Tómame la mano, Señor, y atráeme hacia Ti,
desde tu Cielo en donde tu Padre y el mío, guarda
una morada de inimaginable belleza,
como tu Voz dijo en tus Santas Escrituras,
¡oh, de dicha sublime y de un descanso en Él, feliz!;
que será para los justos que creemos en tu
Nombre y en tus llagas salvíficas que nos redimen
de errores heréticos que pagaste con tu cruz.
Mi espíritu está privado de tu Presencia hace
cuarenta temporalidades en este mundo.
Líbrame de este "sheol"* que es una pesadilla.
¿No ves que se cae a pedazos y se corrompe?
Bajo la higuera como Natanael, te espero
con llanto en los ojos, te busco, te sigo, Señor.

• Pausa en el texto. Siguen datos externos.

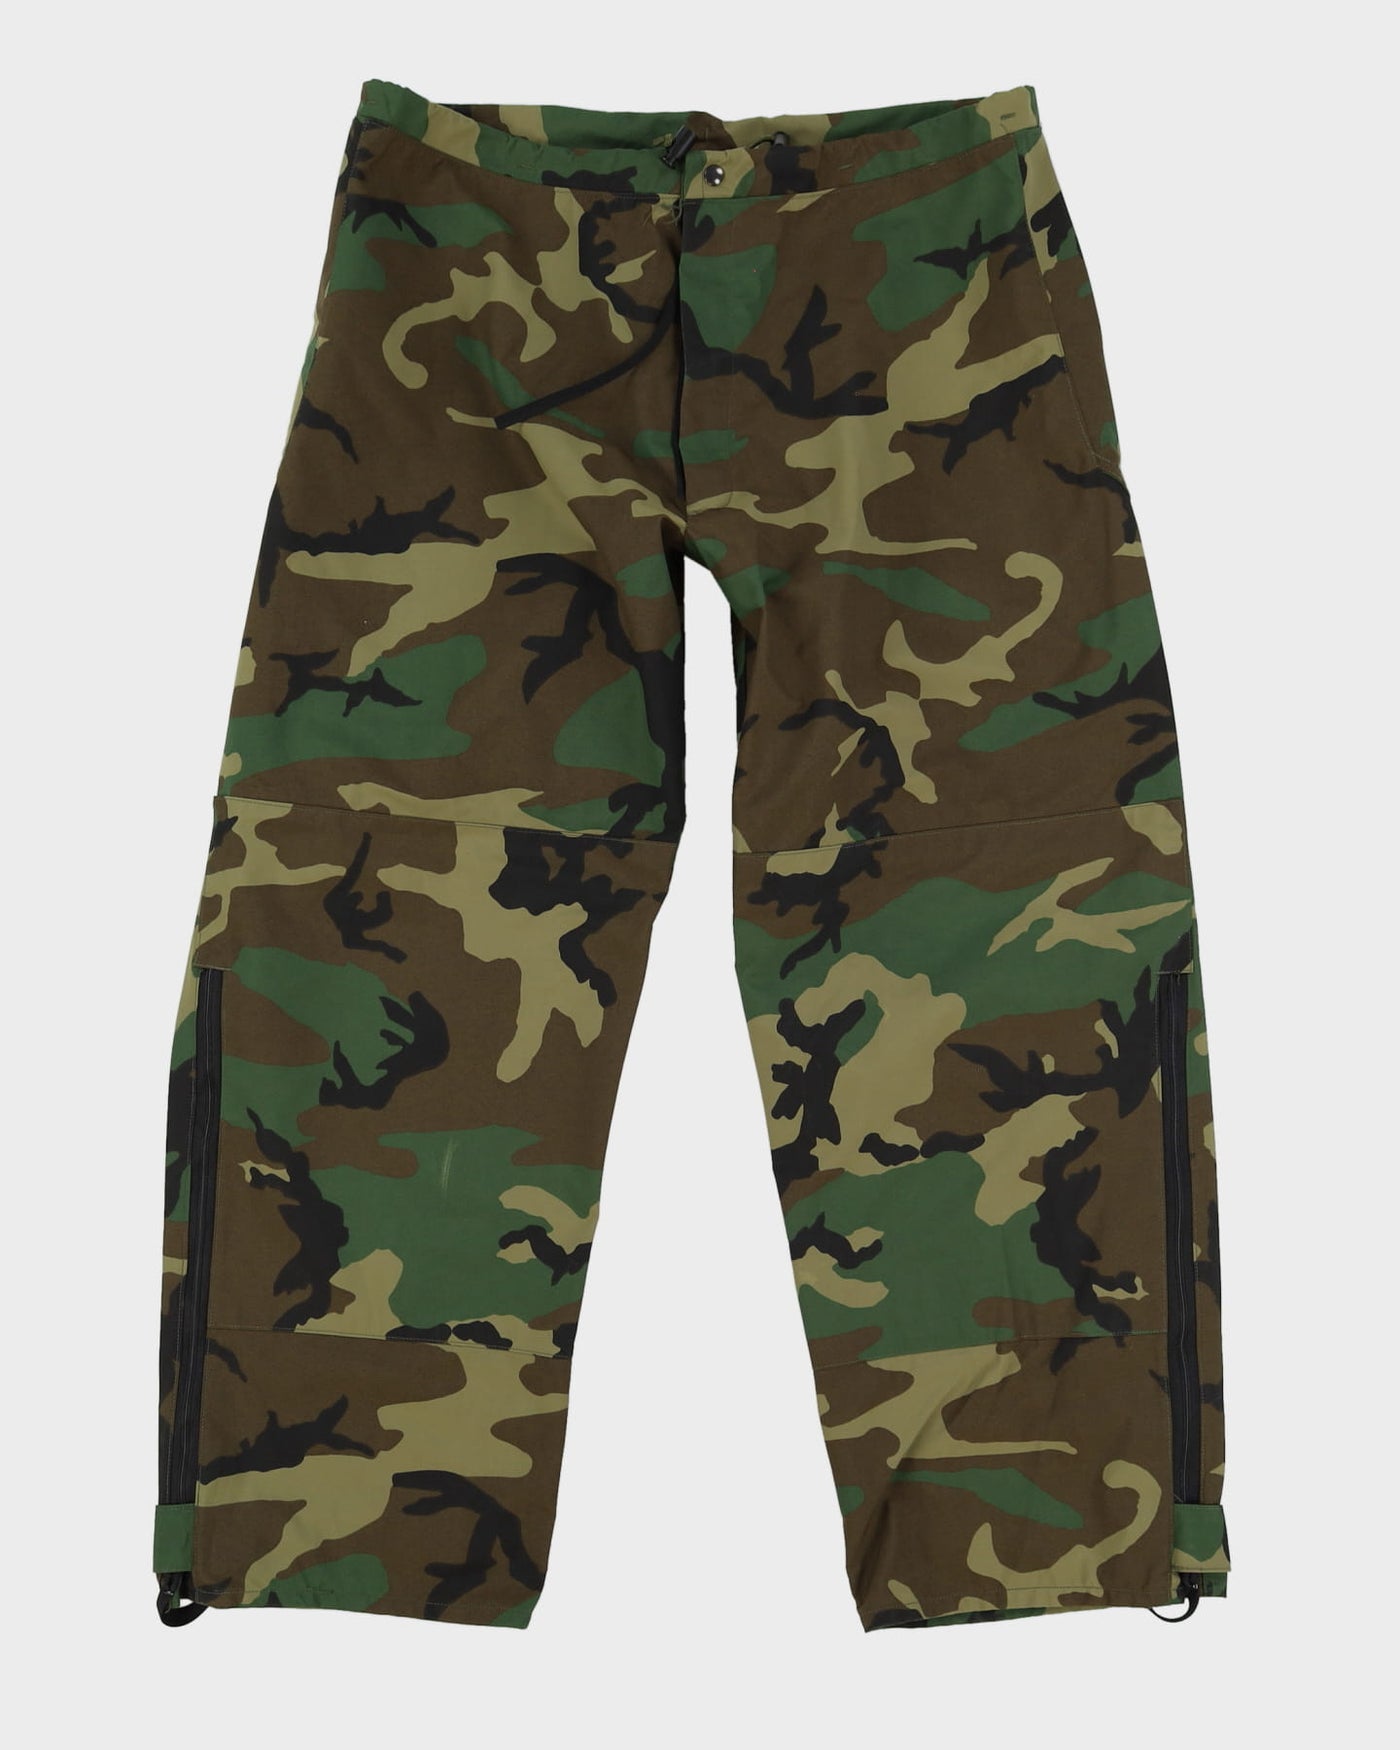 90s Vintage US Army Woodland Camo Waterproof Trousers - 40x30

Y ya me puse el "traje nupcial" para asistir al
"banquete de tus bodas" en el que veré tu faz.
Cuando mi alma esté en tus brazos bien acurrucada,
lloraré mucho como un niño, Dios de mi vida.
Y le agradeceré a Jesús que está a tu derecha,
que eres Tú; pues Tú dijiste: "Mi Padre y Yo somos
Uno”, ** según tu dilecto discípulo Juan.
"Todo es posible para el que cree”, dijo Cristo.
Le pediré al Padre en nombre de su Hijo me saque
de esta gehena de mentiras, imperio del Mal.
Este salmo de métrica alejandrina es para
tu gloria. ¿Recuerdas que tu Unigénito vivió
dos años en Egipto en tiempo de lactancia? Un
Ángel del Altísimo señaló el continente a
José de los Santos Agustín, Cirilo y Santa
Mónica, en sus sueños, y allí te llevó él con su
María Virgen a fin de salvarte de Herodes?
¡Gloria a la Santísima Trinidad en la tierra!
"Elí, Elí, ¿lama sabactani?”***, nunca diré,
porque siempre estuviste conmigo aquí a mi lado y
en todo instante asististe a tu Hijo en su calvario.
La Piscina de Síloe vio cómo lavaste
mis deshonras; y curaste mis pecados; gotas
de tu gracia echaste en mi alma que se perdió cuando
rechacé tu ayuda. Te daría agua de beber
del pozo de Jacob como la samaritana.
* Vocablo griego. Seol.
** Jn. 10, 30:
*** “¡Dios mío, Dios mío! ¿por qué me has abandonado?”